Listed entries:
▬▬▬▬▬▬

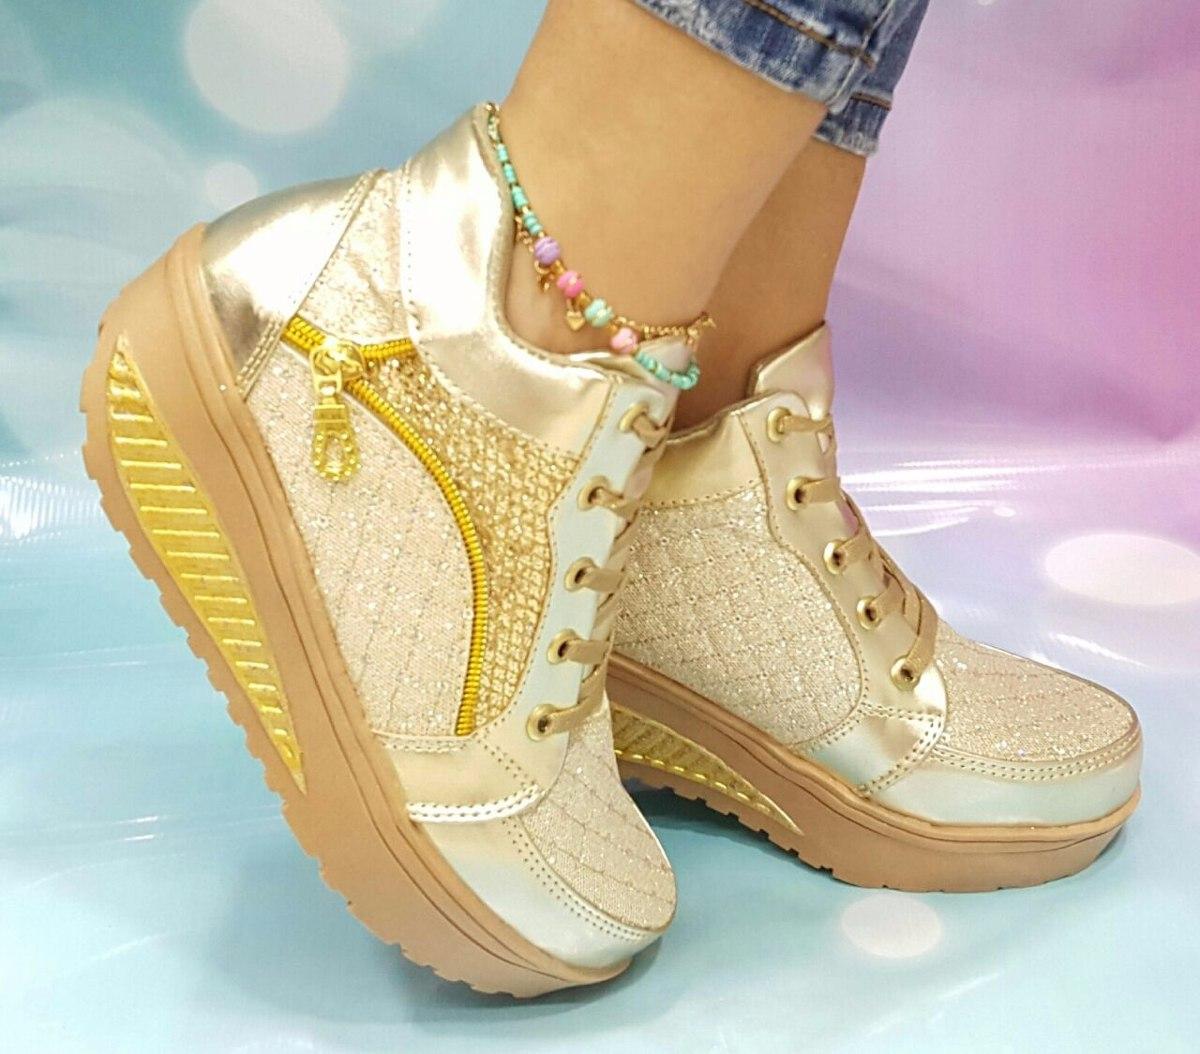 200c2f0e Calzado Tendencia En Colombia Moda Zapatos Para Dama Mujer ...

▬▬▬▬▬▬

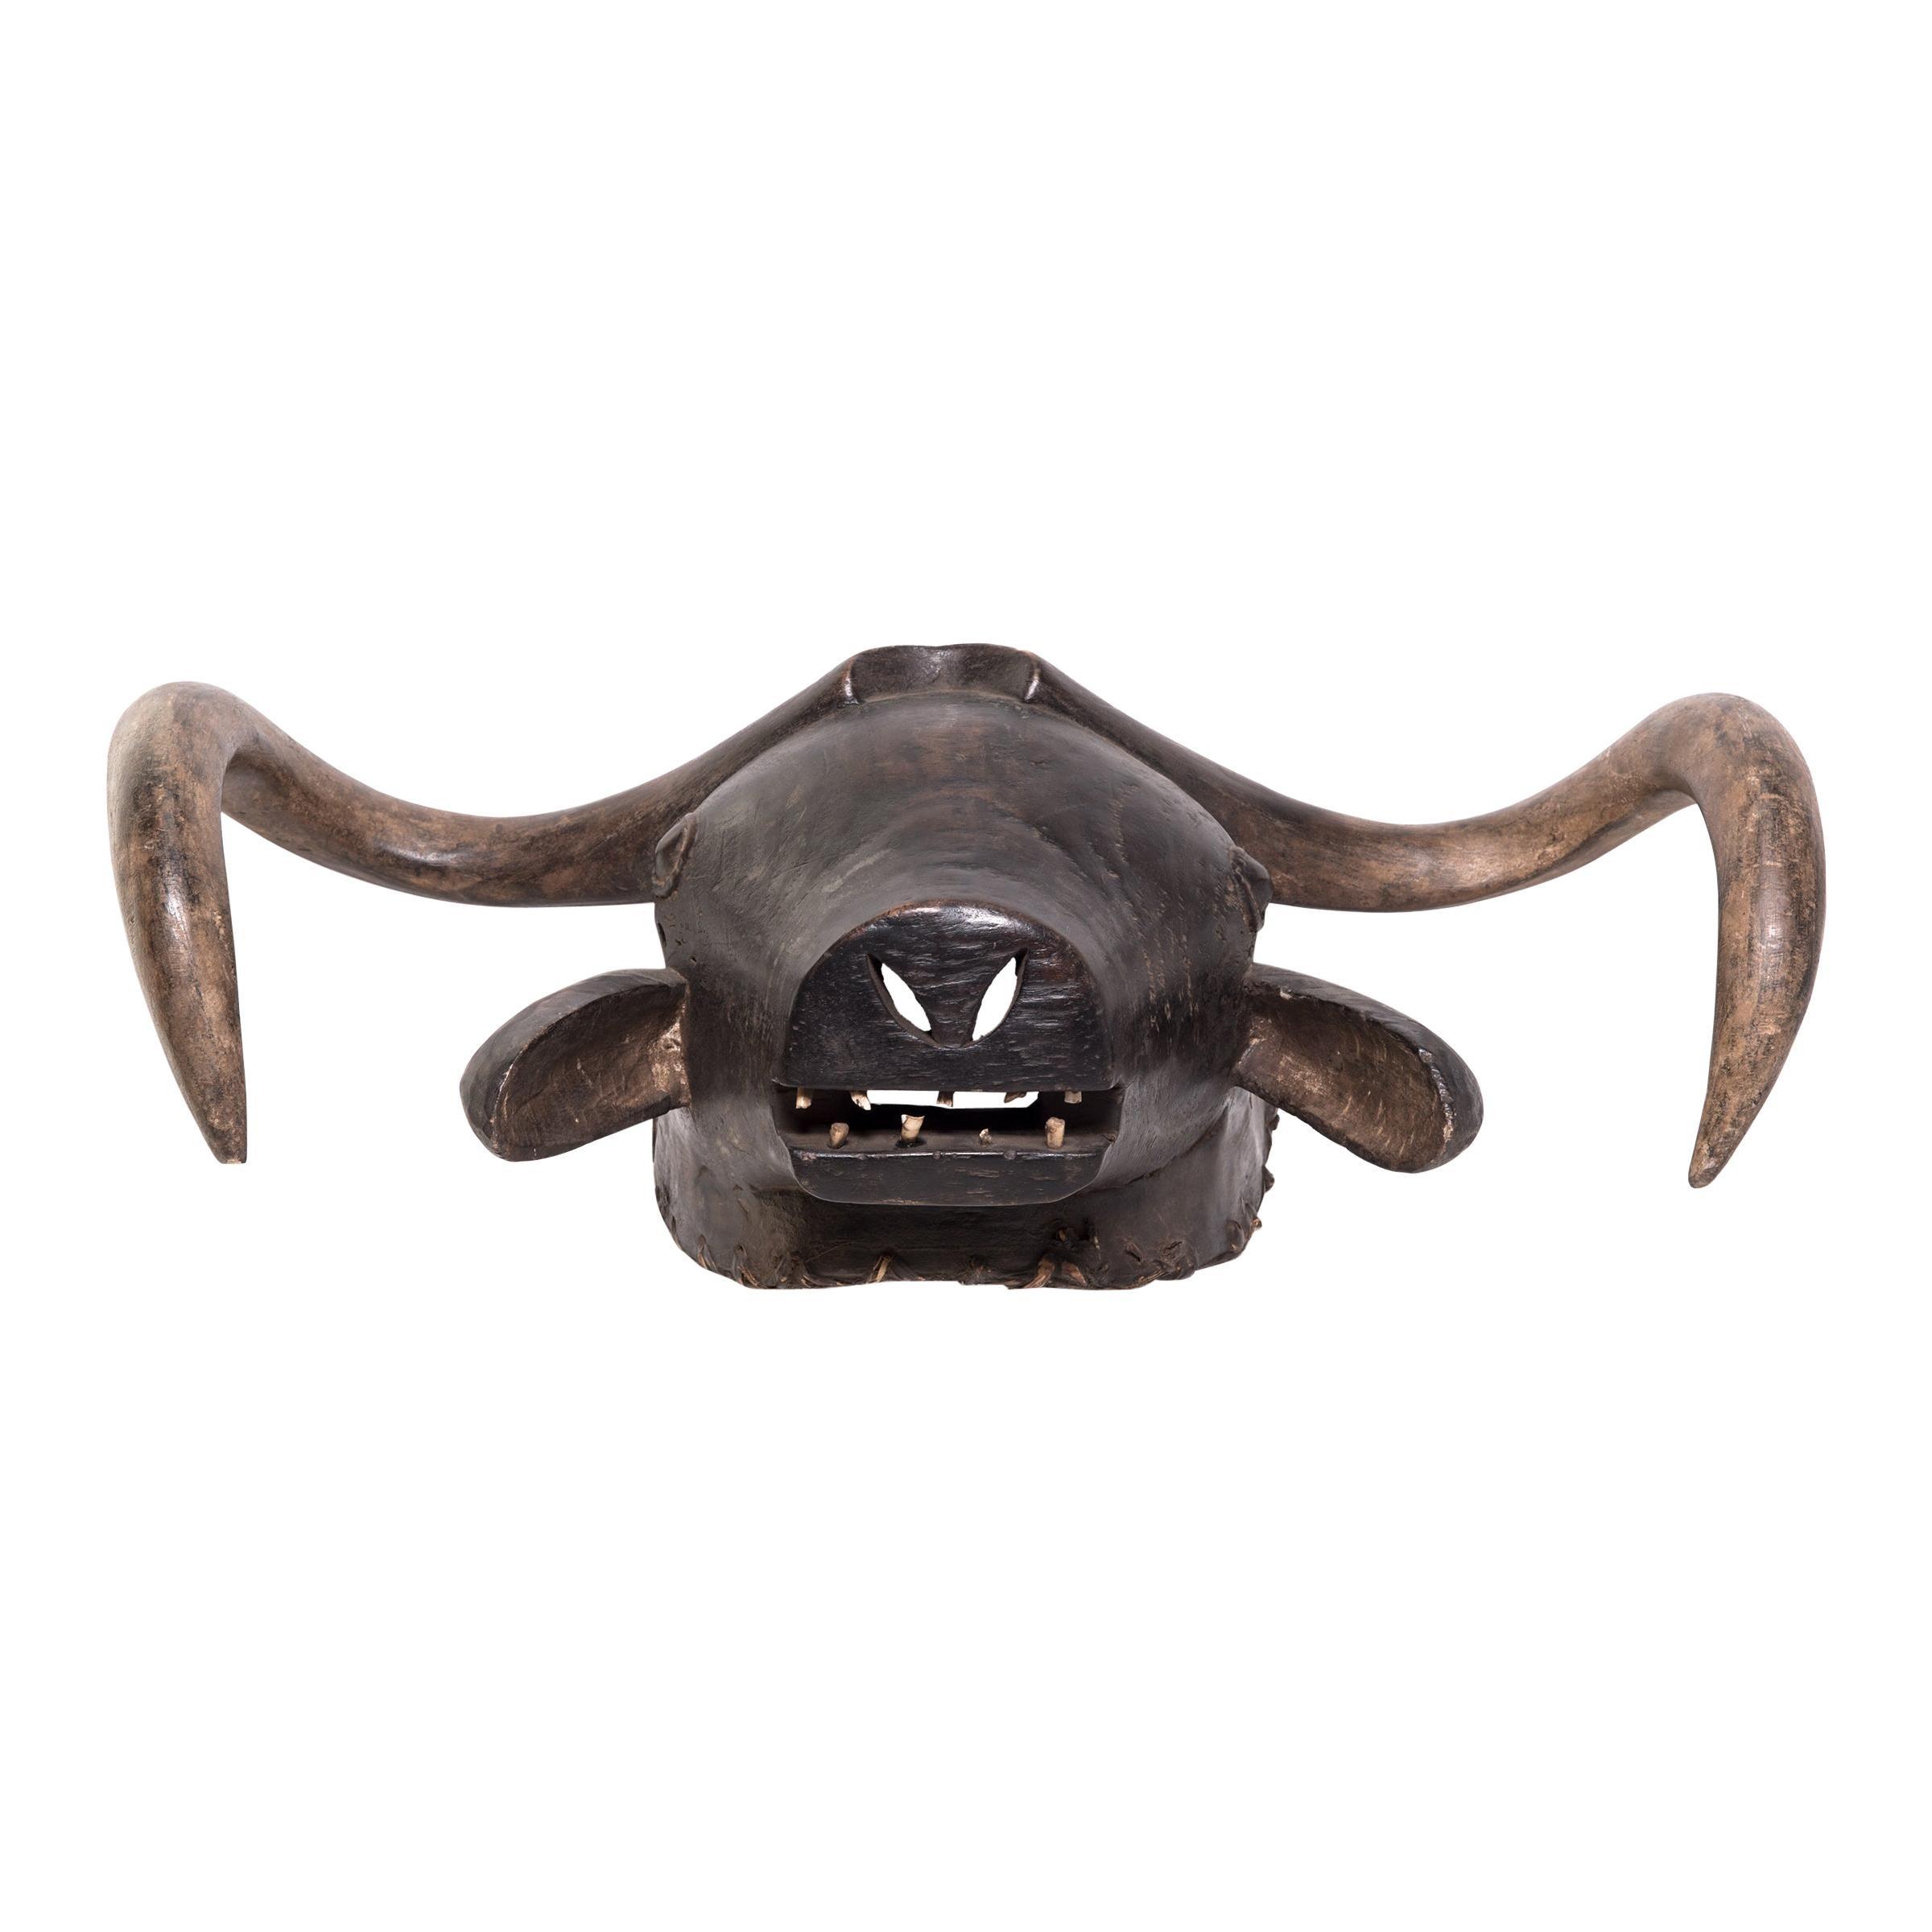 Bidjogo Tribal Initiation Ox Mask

▬▬▬▬▬▬

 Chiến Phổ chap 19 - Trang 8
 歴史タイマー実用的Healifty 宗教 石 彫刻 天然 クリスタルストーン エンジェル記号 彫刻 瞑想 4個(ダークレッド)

▬▬▬▬▬▬

Task to complete:
Copy range, inclusive: the line holding "Chiến Phổ chap 19 - Trang 8" to the line holding "歴史タイマー実用的Healifty 宗教 石". Reproduce exactly those lines of the records above and no others.

Answer for the task:
 Chiến Phổ chap 19 - Trang 8
 歴史タイマー実用的Healifty 宗教 石 彫刻 天然 クリスタルストーン エンジェル記号 彫刻 瞑想 4個(ダークレッド)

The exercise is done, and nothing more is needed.